Re: Data loss on logical replication, 12.12 to 14.5, ALTER SUBSCRIPTION - Mailing list pgsql-hackers

From Michail Nikolaev
Subject Re: Data loss on logical replication, 12.12 to 14.5, ALTER SUBSCRIPTION
Date
Msg-id CANtu0ohT4+4WC6JKxk2Udr-OkroDsf+8_=XgfS7Fjm6GDcNNUw@mail.gmail.com
Whole thread Raw
In response to Re: Data loss on logical replication, 12.12 to 14.5, ALTER SUBSCRIPTION  (Amit Kapila <amit.kapila16@gmail.com>)
Responses Re: Data loss on logical replication, 12.12 to 14.5, ALTER SUBSCRIPTION  (Amit Kapila <amit.kapila16@gmail.com>)
List pgsql-hackers
Hello, Amit!

> IUC, this is the time when only table B's initial sync was
> in-progress.

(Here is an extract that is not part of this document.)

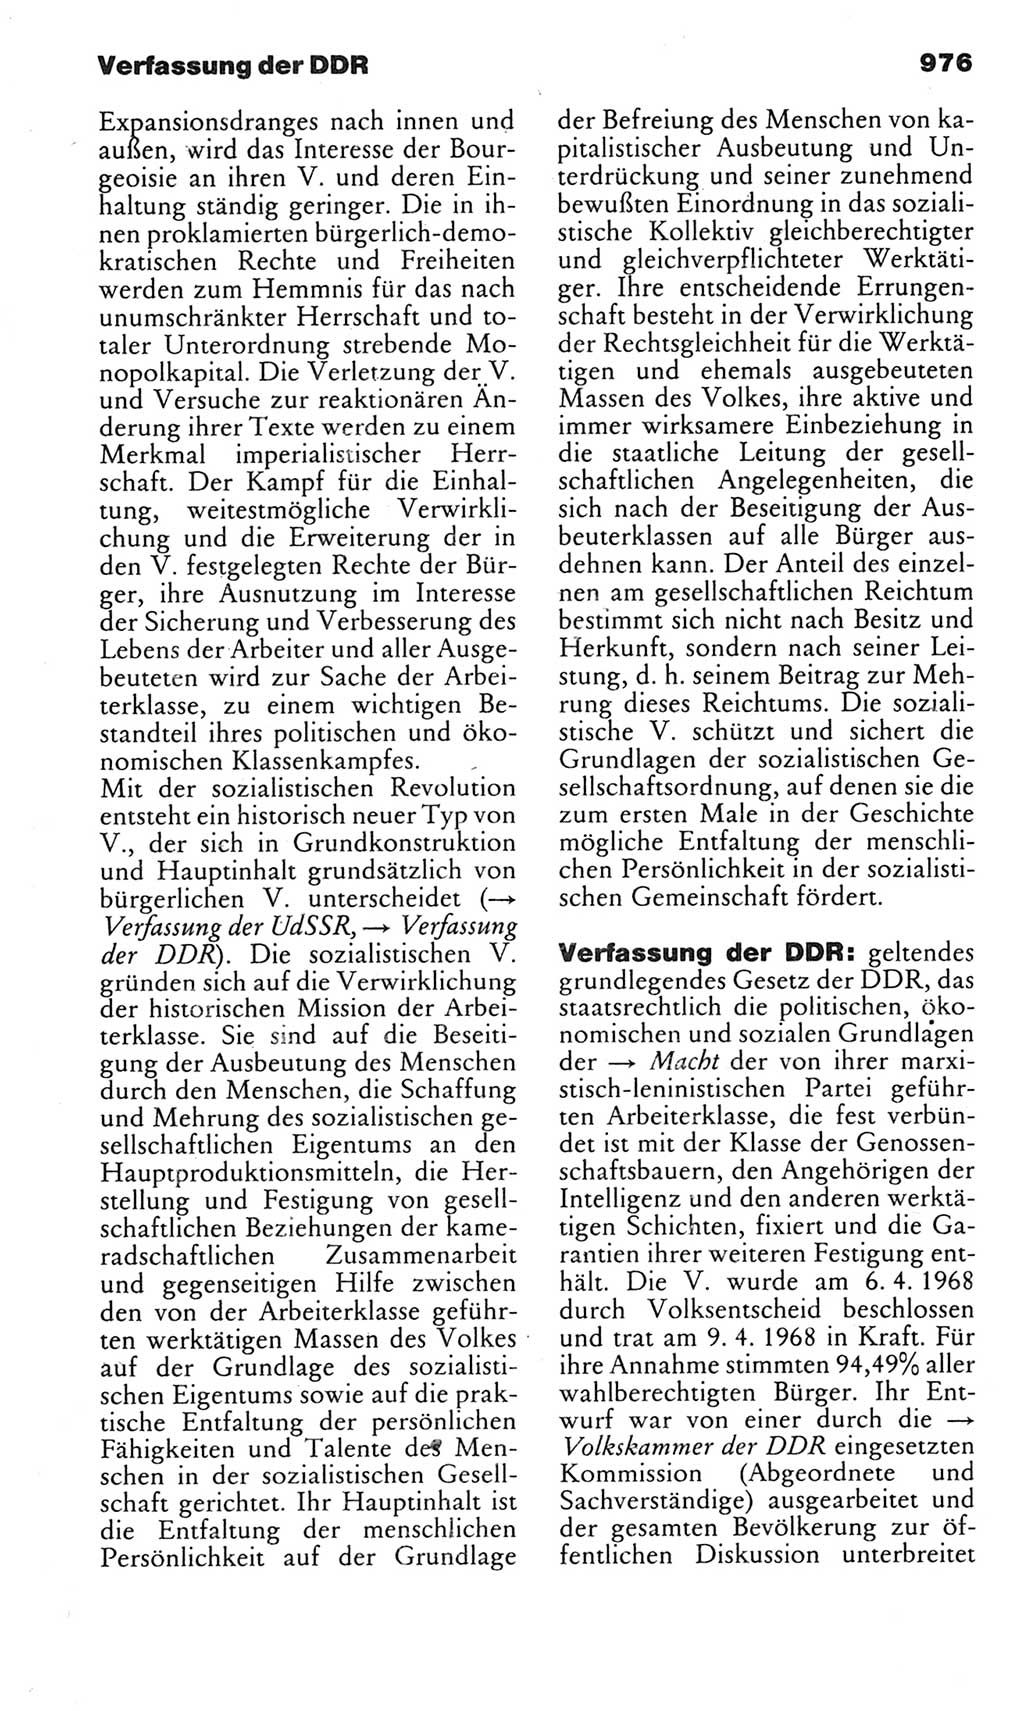 Kleines politisches Wörterbuch [Deutsche Demokratische Republik (DDR)] 1983, Seite 976 (Kl. pol. Wb. DDR 1983, S. 976)

Table A's initial sync was finished by that time and for
> Table C, it is yet not started.
Yes, it is correct. C was started too, but unsuccessfully (restarted
after, see below).

> During the time of
> the initial sync of B, are there any other operations on that table
> apart from the missing ones?
Yes, a lot of them. Tuples created all the time without any pauses,
only ~10s interval is gone.

> You may want to see the LOGs of
> subscribers during the initial sync time for any errors or other
> messages.

Looks like I have found something interesting. Below, sorted by time
with some comments.

Restart of the logical apply worker day before issue.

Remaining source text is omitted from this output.